Operative Korrekturen

Eigenfettgewebetransplantation

Für Patientinnen, die keine fremden Substanzen zur Lippenvergrößerung möchten, ist eine Eigenfettgewebetransplantation (Lipofilling, Lipostructure ) geeignet. Das Fettgewebe wird von ausgewählten Körperstellen mit Hilfe einer Fettabsaugung entfernt, zentrifugiert und aufbereitet. Anschließend kann es mit einer Spritze in die Lippen transplantiert werden.

Vorteil:
Es wird körpereigenes Gewebe verwendet. Dadurch kann es zu keinen allergischen - und zu keinen Fremdkörperreaktionen kommen.
Auch das Transplantieren von größeren Mengen ist möglich.

Nachteil:
Diese Methode ist sehr aufwendig und muß unter Operationssaalbedingungen erfolgen. Ein hoher Volumenverlust kann nach kurzer Zeit erfolgen. Die Modellierbarkeit ist eingeschränkt und es kann selten zum Auftreten von Verhärtungen kommen. Es besteht oft die Notwendigkeit mehrerer Transplantationen.


Gore tex

Gore tex ist ein in der Medizin schon lange benutzter Kunststoff (Polytetrafluorethylen). Dies sind ungiftige Polymere, die für viele Implantate im menschlichen Körper Verwendung finden. Dieses Material wird nicht abgestoßen, es ist elastisch und weich.

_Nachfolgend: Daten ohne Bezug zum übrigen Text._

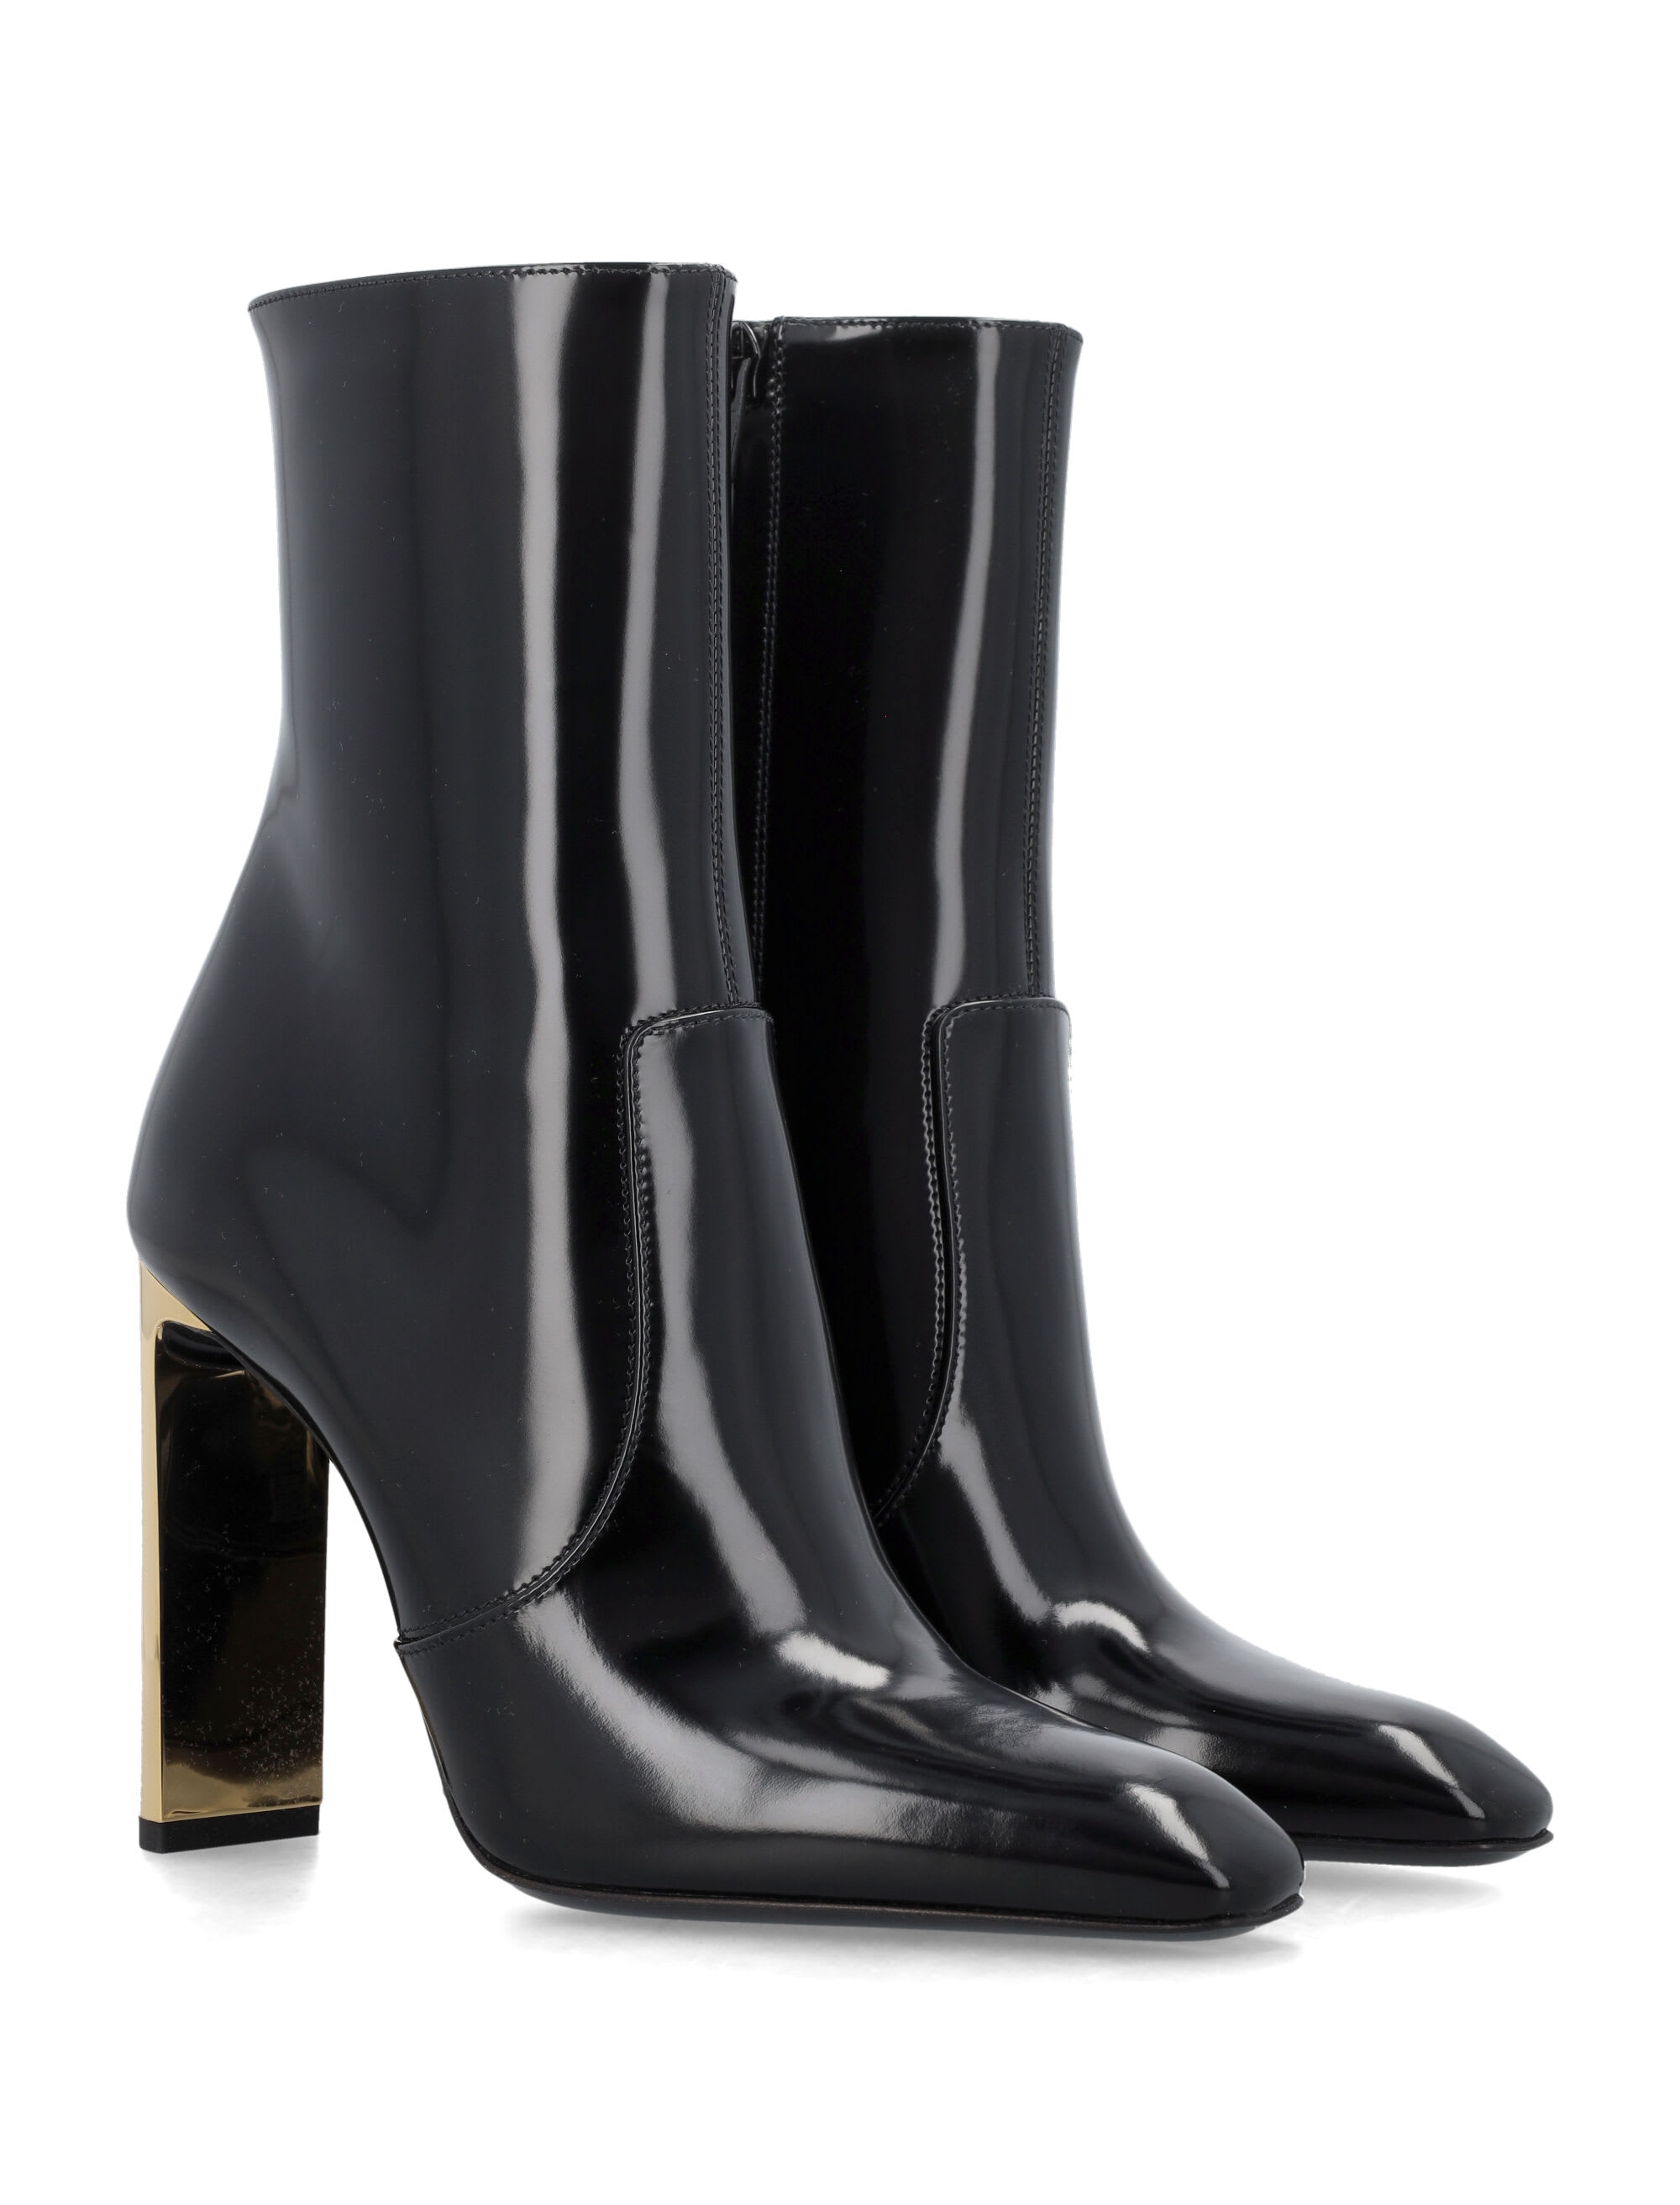 Louis Vuitton Black Patent Leather Silhouette Ankle Boots Size 35 Louis  Vuitton

Die Gore tex-Fäden werden durch kleinste Schnitte im Mundwinkelbereich eingebracht und an der Lippenrot-Lippenweißgrenze unter die Haut verlagert.
Dadurch ist ausschließlich diese - wenn auch wichtige Region der Lippe- zu konturieren.
Dieses Material wird von mir kaum noch verwendet.

Vorteil:
Ein wesentlicher Vorteil ist in der Dauerhaftigkeit zu sehen, da Gore tex nicht abgebaut wird. Der Eingriff ist in geübten Händen nicht schwierig.

Nachteil:
Der Eingriff ist unter Operationssaalbedingungen auszuführen. Die Lippe ist stark und längeranhaltend geschwollen. Gore tex und vor allem das sich darum entwickelnde Bindegewebe kann durch die Lippenhaut tastbar und in geringem Grad auch fühlbar sein. Das Gewebe um das Gore tex kann hart werden. Es ist keine Modellierung, wie bei Unterspritzungsmaterialen möglich.


Lippenlift

Teilweise auch schon bei jüngeren Menschen kann sich die Distanz zwischen Nase und Lippe vergrößern. Dadurch ist weniger Lippenrot zu sehen und beim Sprechen und Lächeln sind die Zähne nicht sichtbar.

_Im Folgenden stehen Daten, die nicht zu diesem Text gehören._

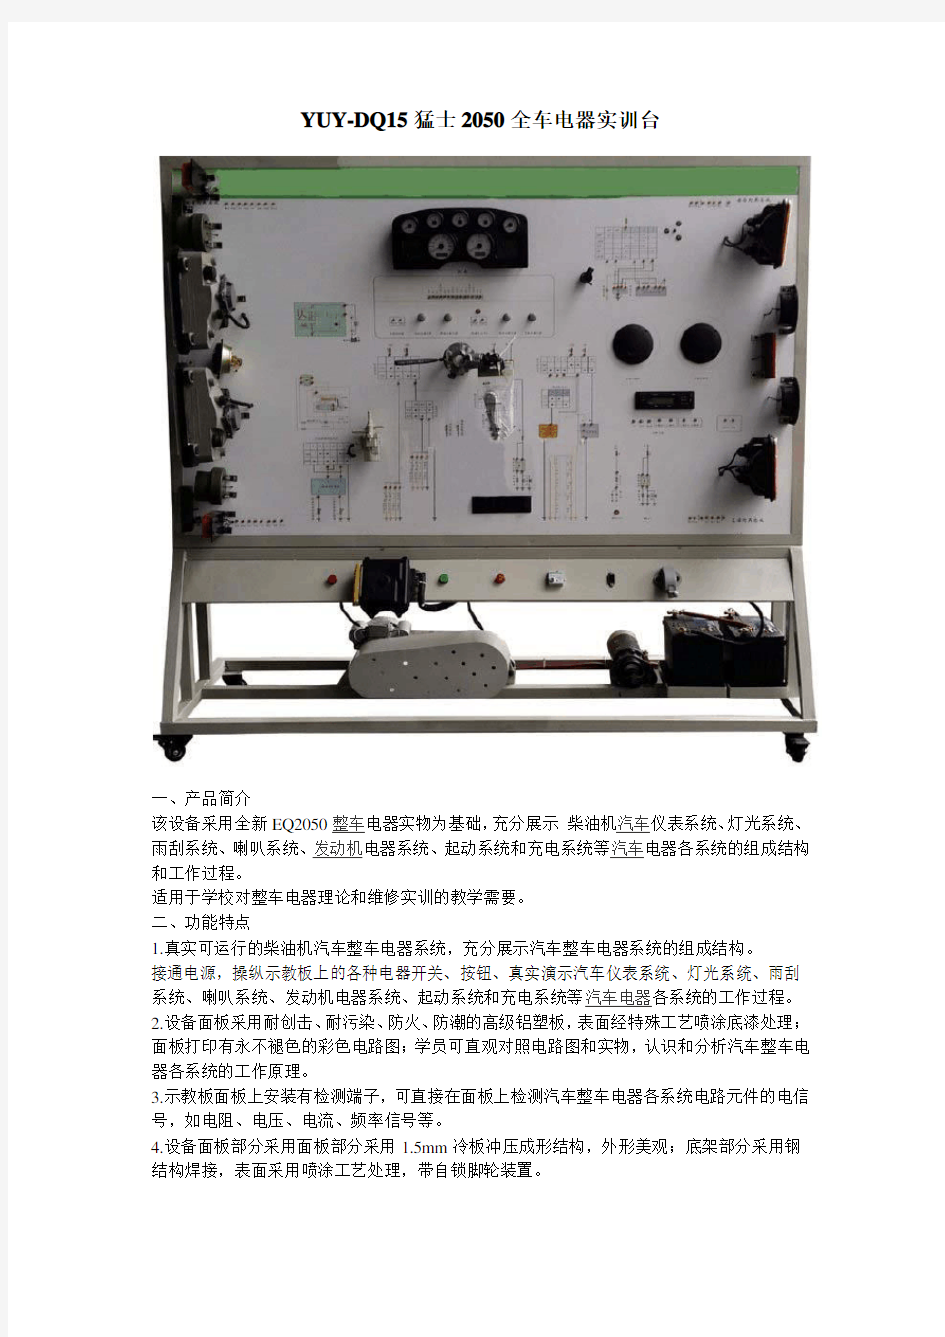 YUY-DQ15猛士2050全车电器实训台

Das jugendlichere Aussehen der Oberlippenregion und das Sichtbar werden von mehr Lippenrot kann, mit einem sogenannten Lift um beide Nasenlöcher herum, korrigiert werden. Zwischen Nasensteg, Nasenlöchern und Nasenflügeln wird ein kleiner Gewebestreifen entfernt. Dadurch verkürzt sich die Distanz zwischen Nase und Oberlippe. Die Oberlippe wird dadurch angehoben und es ist mehr vom Lippenrot sichtbar. Dann sind beim Sprechen wieder 2-3mm von den Schneidezähnen sichtbar, was für einen jugendlichen Mund spricht.

Der kleine Eingriff kann ambulant in örtlicher Betäubung durchgeführt werden.

Wegen der hornförmigen Gewebeentfernung wird dieser Eingriff im englischen auch „Bullhornexzision“ genannt.


Lippenvergrößerung

Bei schmalen Oberlippen kann auch eine Vergrößerung des Lippenrots erreicht werden, indem am Unterrand der Nasenflügel Haut und darunterliegendes Gewebe entfernt wird. Dadurch wird die Oberlippe angehoben, jugendlicher geformt und erscheint voller. Dies bedeutet aber keine echte Volumenzunahme. Um dies zu erreichen, müssen Unterspritzungstechniken zusätzlich zur Anwendung kommen.


Gewebeverlagerung aus dem Mundbereich

Der Vollständigkeit halber soll die Verlagerung von Schleimhaut aus dem
Mund in den Lippenbereich erwähnt werden. Diese Methode wird vor allem
wegen der schlechten Modellierbarkeit und der ausgeprägten Narbenbildung
im Mund sehr selten angewendet.


Transplantation von Hautgewebe oder Sehnengewebe

Wie bei Gore Tex-Fäden kann auch körpereigenes Gewebe in Form von Streifen aus der Haut oder dem Sehnengewebe verwendet werden.

Vorteil:
Eigengewebe ohne Fremdkörperreaktion.

Nachteil:
Zusätzliche Narben an der Entnahmestelle. Verhärtungen des Gewebes sind
möglich. Es ist keine Modellierung, wie bei Unterspritzungsmaterialen möglich.


Bitte beachten Sie:

Dieses Informationsmaterial kann ein sorgfältiges Beratungsgespräch und
eine patientenbezogene Untersuchung nicht ersetzen.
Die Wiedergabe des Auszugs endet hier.